AURORA | A year after seeing crime dip — and after several recent years that saw crime plummet in Aurora — crime in Aurora climbed in 2015.

The city’s crime spike, which includes a 12-percent jump in violent crime, mirrors a national trend that has police and experts looking for answers.

“We can’t always explain why there are increases and decreases,” said Aurora police Division Chief Vanessa Wilson.

Some pundits have pointed to a supposed “Ferguson effect” as the cause for increased crime around the country. The theory posits that after the 2014 shooting of Michael Brown in Ferguson, Mo., and the subsequent backlash toward law enforcement, police took a less aggressive approach to crime fighting which led to increased crime.

The theory gained some attention in October when FBI Director James Comey said during a speech that there was a “chill wind” facing law enforcement after Brown’s slaying and said rising crime rates could be connected to that.

But a study from the University of Colorado last week said the theory is largely a myth and pointed out that crime rates in major cities have remained largely flat post-Ferguson.

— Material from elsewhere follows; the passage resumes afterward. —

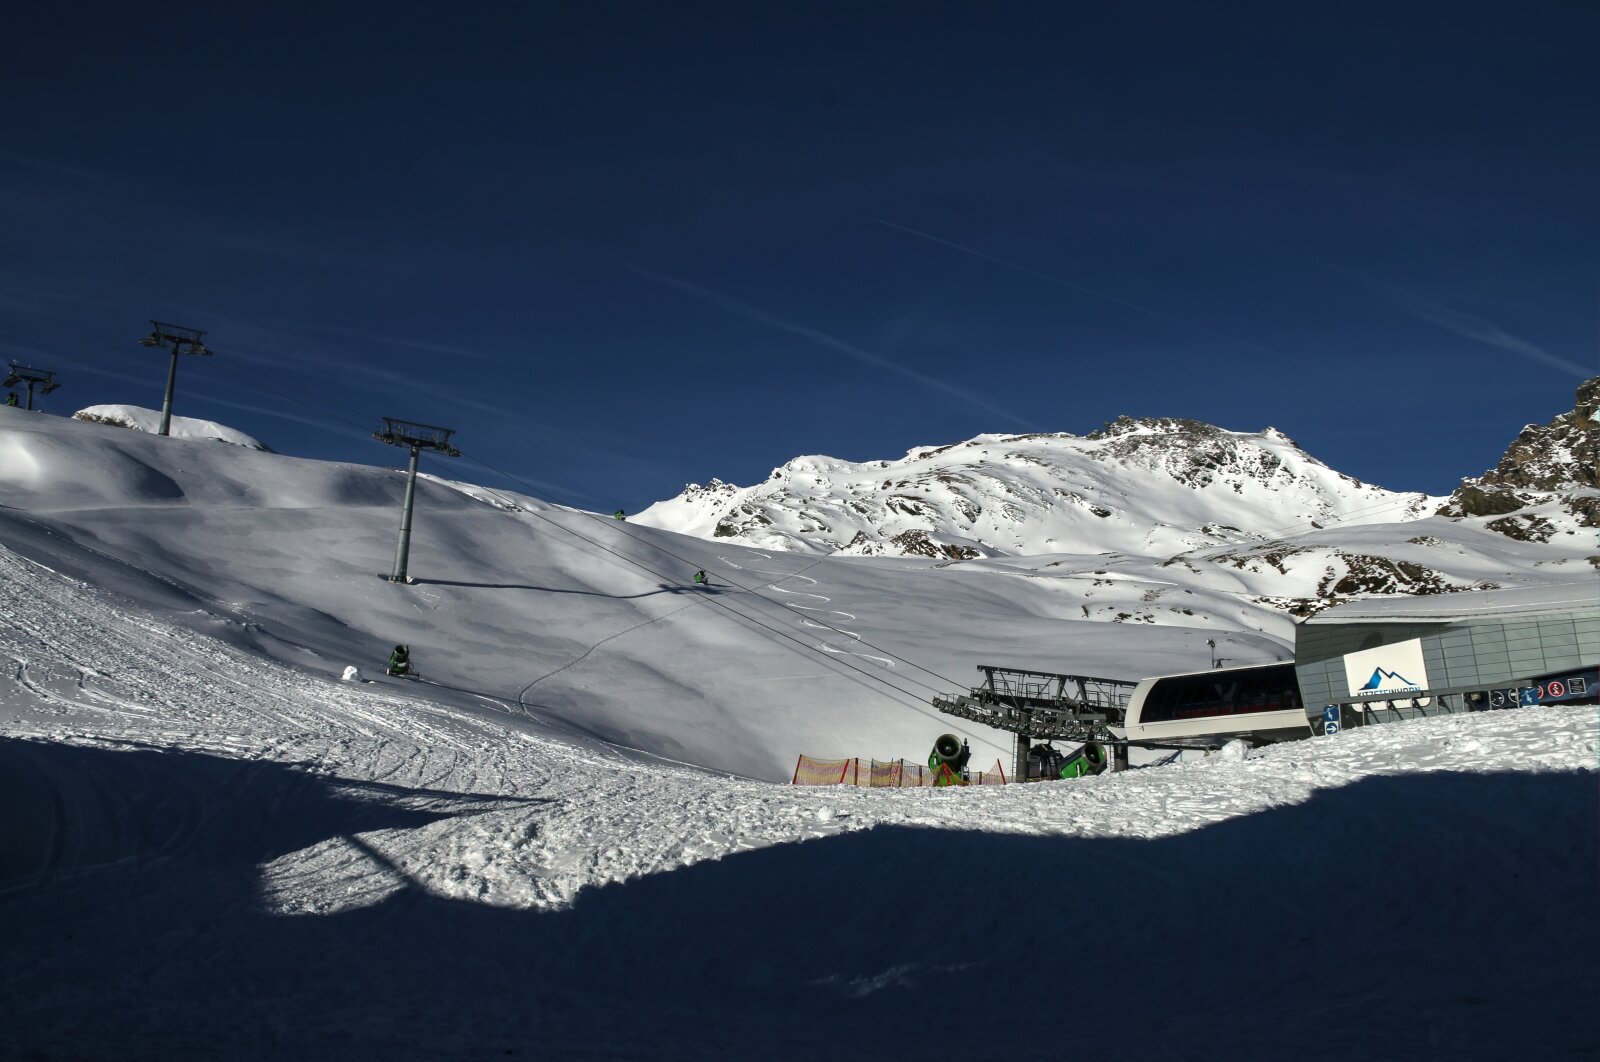 Az Alpincenter (2452 m) környéke is téliesen néz ki - Fotó: Stánicz Balázs (Stani)

Aurora’s preliminary statistics, which go through Dec. 27, 2015, show major crime climbed 4.5 percent last year. Murders jumped 83 percent, from 12 to 22, and sexual assaults were up 23 percent. The only crime that dropped compared to 2014 was burglary, which fell 12.7 percent citywide.

Aurora police spokeswoman Officer Crystal McCoy said the department will release final statistics from 2015 sometime by early March.

Wilson said in the case of murders, 22 is in line with historic totals, but 2014 saw an unusually low number of murders in Aurora with just 12.

The preliminary statistics also show that while crime rose in 2015, Aurora police made fewer arrests than in previous years. Arrests were down 5 percent, from 12,613 in 2014 to 11,935 last year. Summonses were down almost 10 percent, from 8,272 to 7,464.

Wilson said it is difficult to pinpoint why there were fewer arrests last year because so many factors play into whether officers can make an arrest.

But, Wilson said, the department had more attrition last year among sworn officers than is typical, and the department has stressed the importance of engaging the community under new Chief Nick Metz, who took over in March.

That means patrol officers are visiting with churches and community groups more and also working closely with crime victims. In years past, the department’s Police Area Representative officers — the beat cops who focus on a particular neighborhood — led those efforts, but Wilson said community engagement is now a department-wide focus.

“Reaching out to the community and being involved in the community is not just a PAR job anymore,” she said.

While the decrease in arrests could be a sign of less-aggressive police work, David C. Pyrooz, an assistant professor of sociology at CU-Boulder and the author of the report on the supposed Ferguson effect, said that isn’t necessarily the case.

Many factors — including witness cooperation -— go into whether police make arrests, Pyrooz said, and just looking at total arrest statistics doesn’t tell the whole story.

If a department sees a dip in arrests for public order crimes such as drinking in public or disorderly conduct, that could be a sign of less-aggressive police work, but without drilling down into specific cases he said the numbers don’t tell much of a story.

“You just can’t pinpoint it at least form the data I’ve seen,” he said.

Pyrooz said annual crime stats rarely tell a story of a larger trend in crime and said such trends take several years to play out.